§ **DIRECTIONS FOR THIS TASK**:
The material below holds pictures; leave them out and reproduce exactly the lines from the one with "Слияние рек Омь" through the one with "台南旅遊景點︱親子景點︱氣象", inclusive.

§ **DATA EXTRACTS**:

┄┄┄┄┄┄┄┄┄┄┄┄┄┄┄┄┄┄┄┄

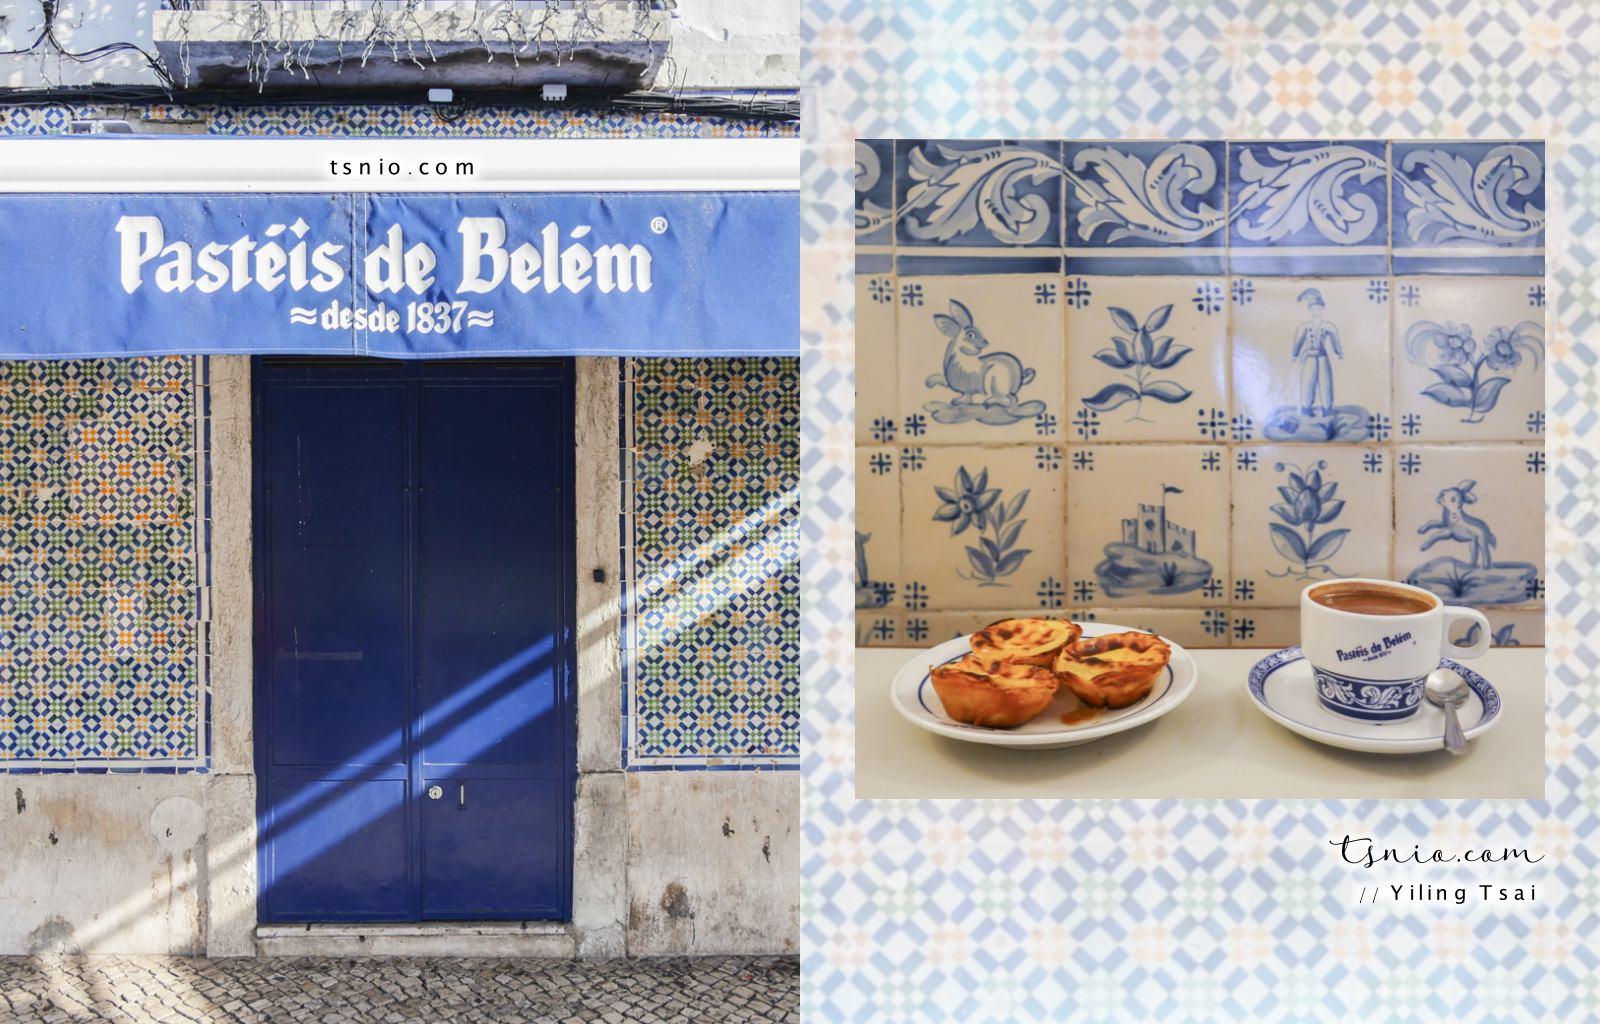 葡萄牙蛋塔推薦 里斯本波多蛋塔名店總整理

┄┄┄┄┄┄┄┄┄┄┄┄┄┄┄┄┄┄┄┄

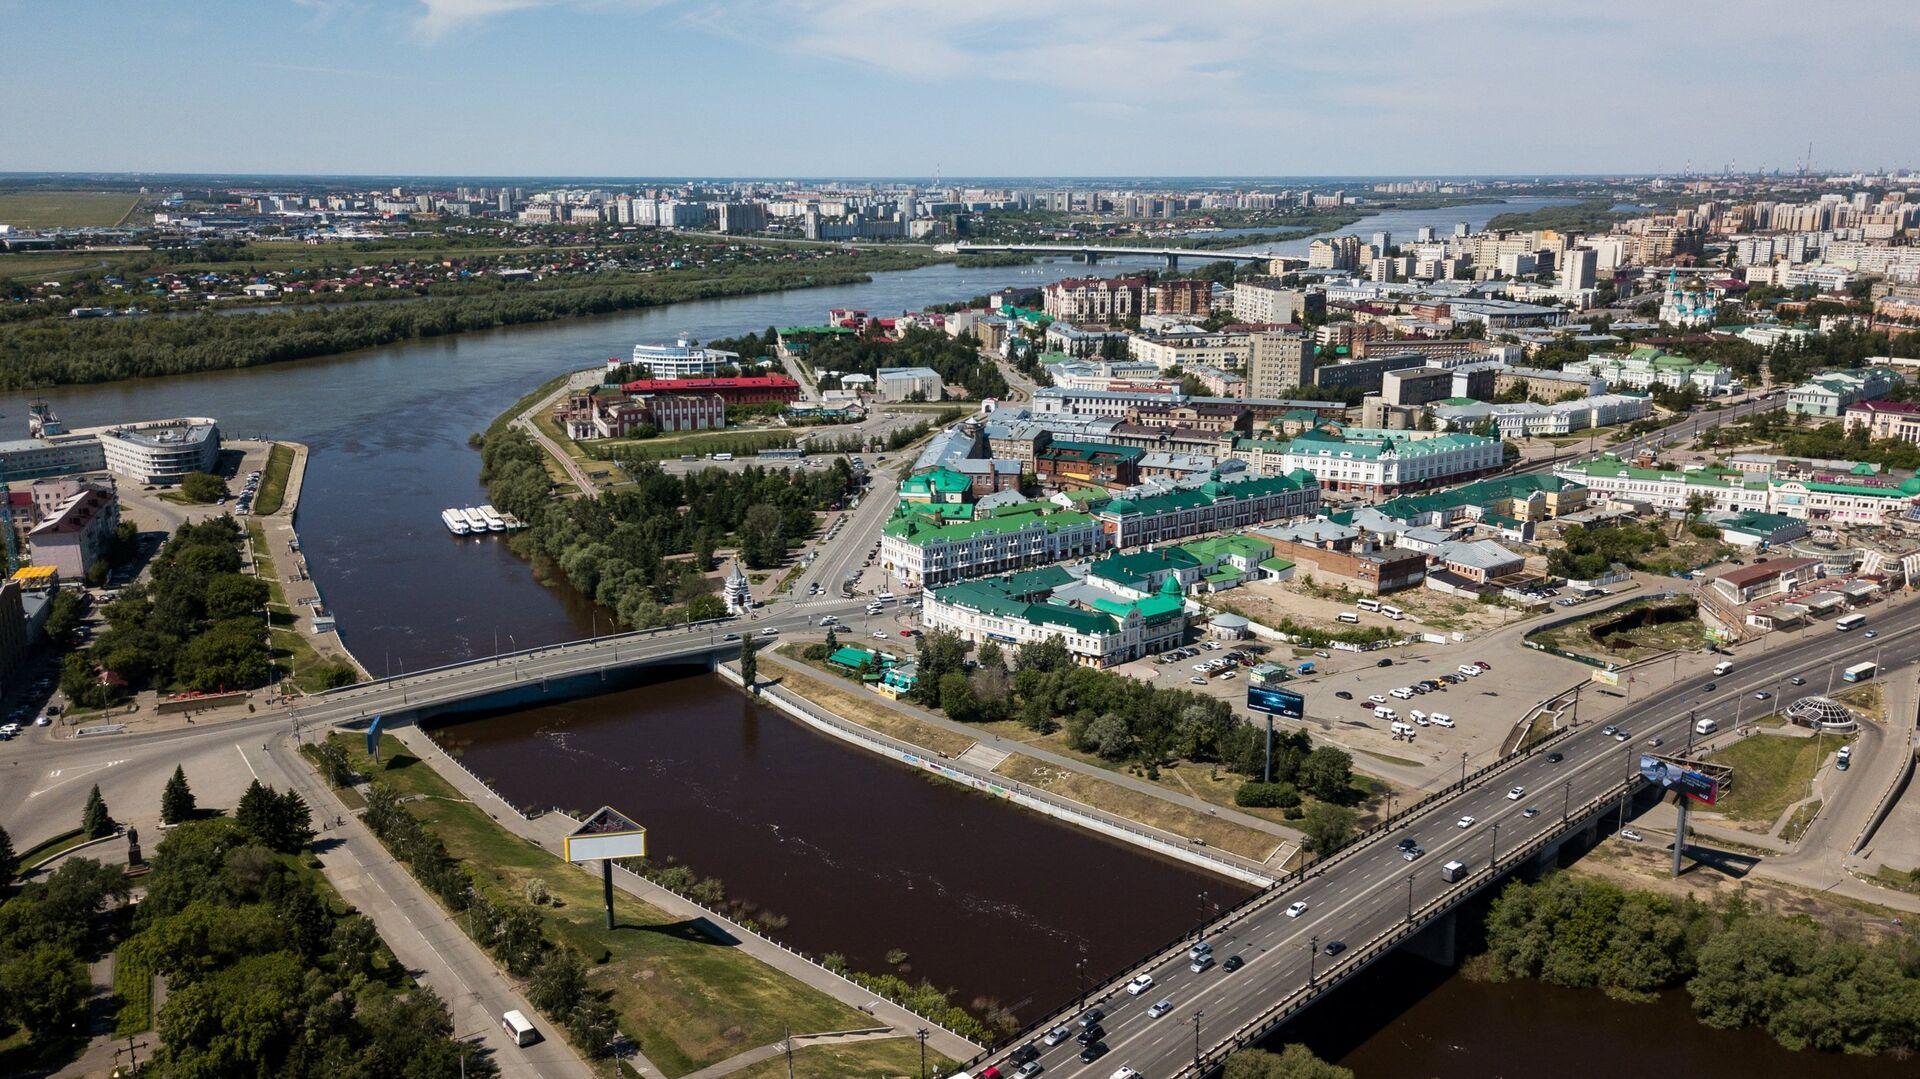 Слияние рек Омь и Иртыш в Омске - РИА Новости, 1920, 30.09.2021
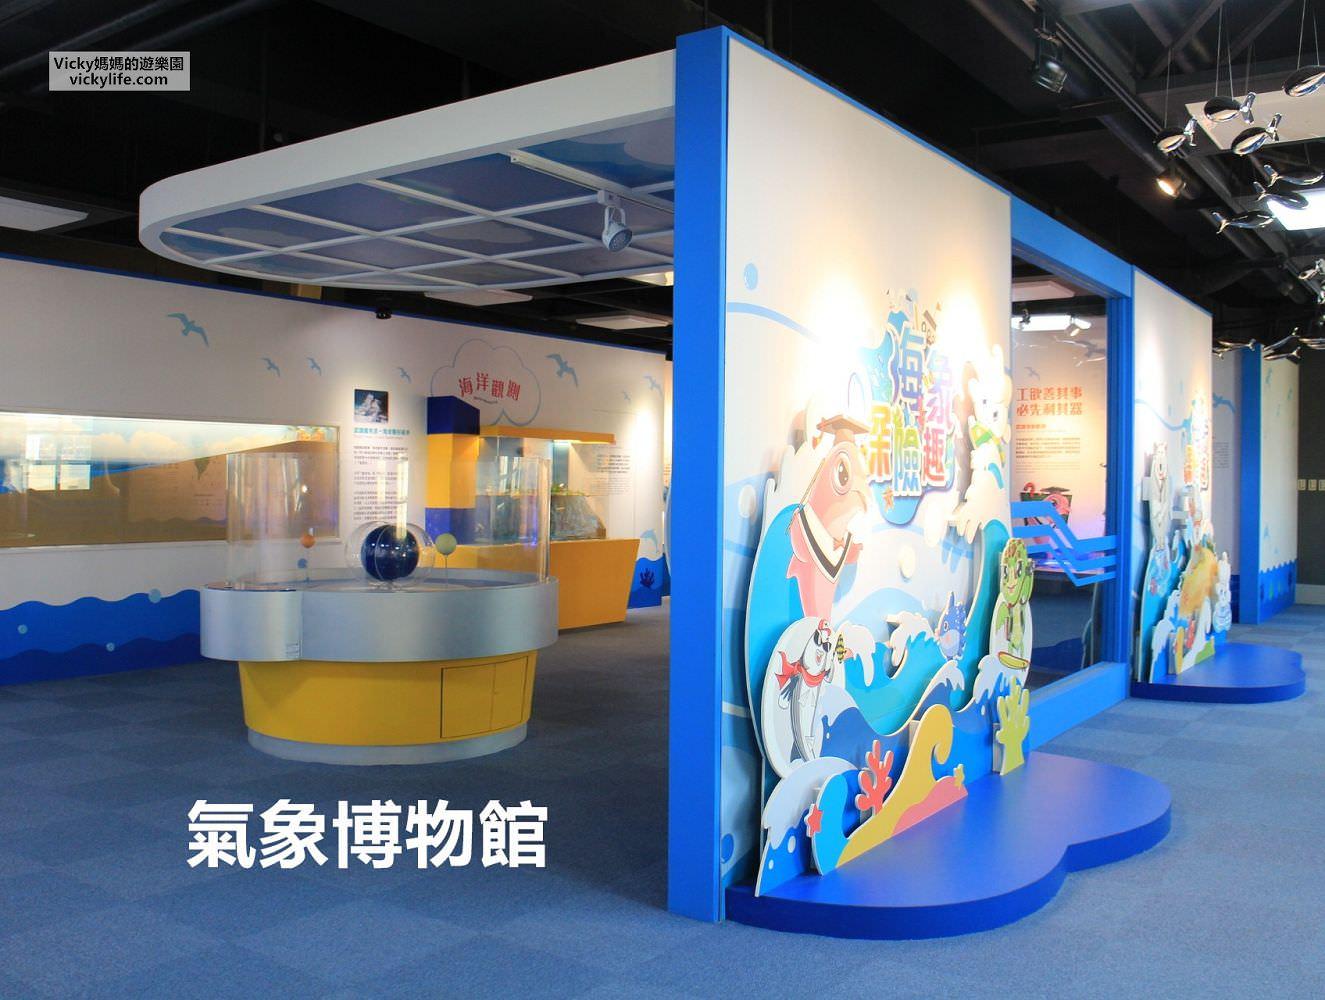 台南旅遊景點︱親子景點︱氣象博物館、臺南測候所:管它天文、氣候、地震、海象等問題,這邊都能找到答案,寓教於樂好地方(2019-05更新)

┄┄┄┄┄┄┄┄┄┄┄┄┄┄┄┄┄┄┄┄

§ **ANSWER SECTION**:
 Слияние рек Омь и Иртыш в Омске - РИА Новости, 1920, 30.09.2021
 台南旅遊景點︱親子景點︱氣象博物館、臺南測候所:管它天文、氣候、地震、海象等問題,這邊都能找到答案,寓教於樂好地方(2019-05更新)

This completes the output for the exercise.